Benzina: non scende il prezzo alla pompa

ROMA – Non importa essere esperti di economia per rendersene conto: quando le quotazioni del petrolio aumentavano, il prezzo alla pompa schizzava in alto immediatamente. Ora che, da mesi, il greggio costa poco, la riduzione al distributore è scandita al ribasso solo da qualche centesimo. Il presidente di Adiconsum, Pietro Giordano, attacca:  ”Da giorni assistiamo al crollo del prezzo del petrolio. Un crollo che gli automobilisti attendevano da anni e che finalmente è arrivato, ma con conseguenze che non si aspettavano.  Infatti al crollo del petrolio non è seguito il tanto auspicato crollo dei prezzi dei carburanti. Il motivo è semplice: la forte tassazione (70%) applicata dallo Stato grazie all’imposizione delle accise e al pagamento dell’Iva sulle accise stesse”.

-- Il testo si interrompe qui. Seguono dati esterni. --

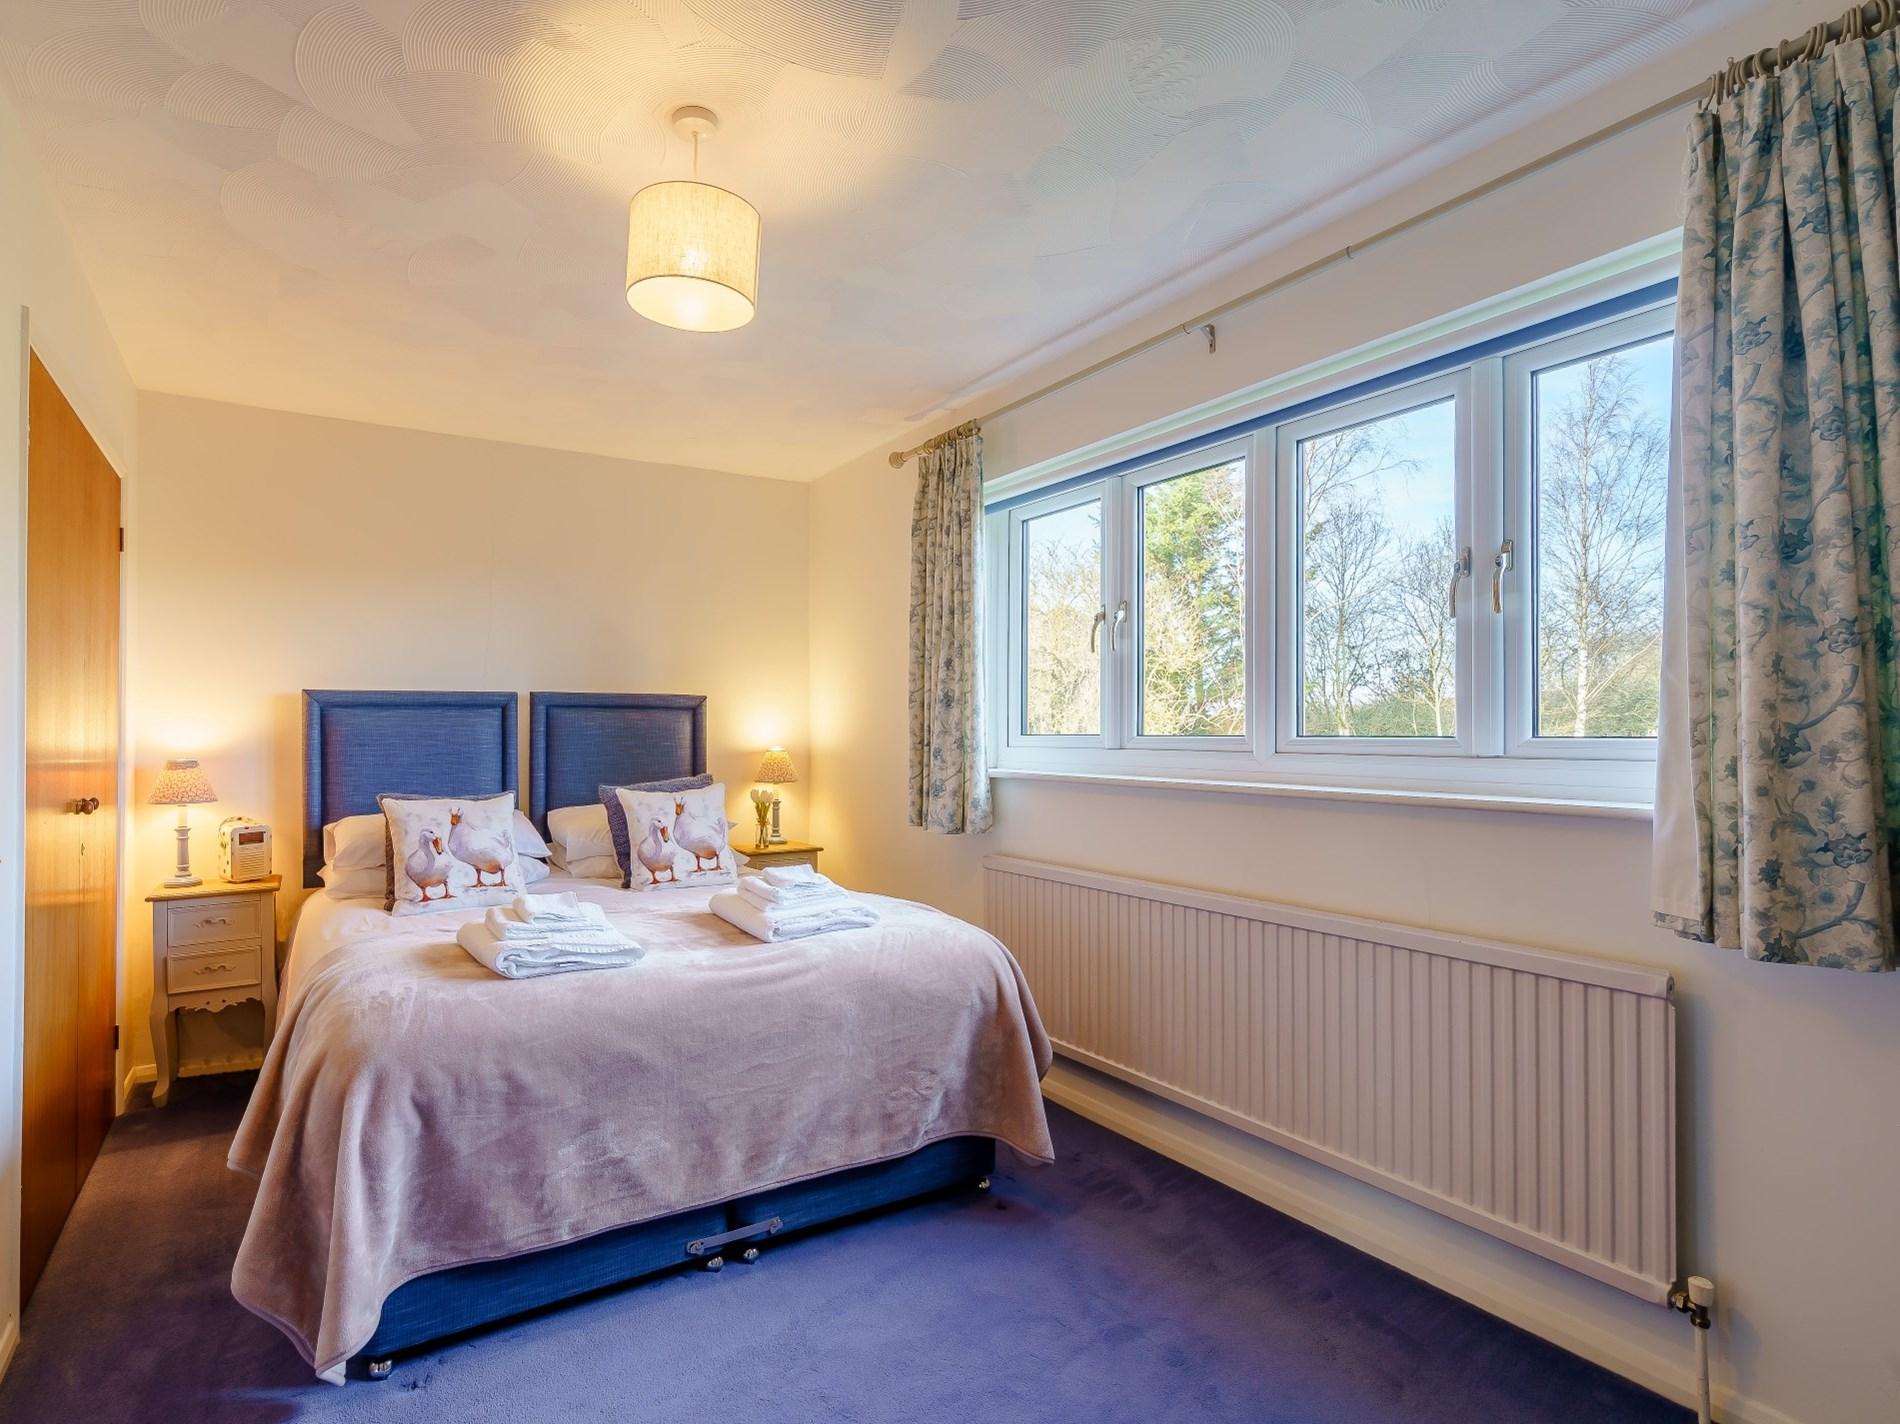 6 Bedroom Cottage in Aylesbury, Heart of England

Lo Stato, rileva Giordano, ”ha trasformato l’auto in un bancomat, al pari della casa. Ma l’auto non è un bene di lusso, è un mezzo per raggiungere il proprio posto di lavoro, a fronte anche di una condizione fortemente critica del trasporto pubblico locale”. I consumatori-automobilisti, aggiunge, ”non solo non usufruiscono del calo dei prezzi del petrolio sul mercato internazionale, ma neanche della diminuzione dei prezzi del carrello della spesa che ne deriverebbe, visto che in Italia, la maggior parte dei prodotti viaggia su gomma”. Adiconsum chiede al Governo, conclude Giordano, ”di abrogare le accise anacronistiche, di abolire l’Iva sulle accise e di discutere con le Associazioni Consumatori la riforma del trasporto pubblico locale, di cui il ministro Delrio ha annunciato essere già pronta una bozza”.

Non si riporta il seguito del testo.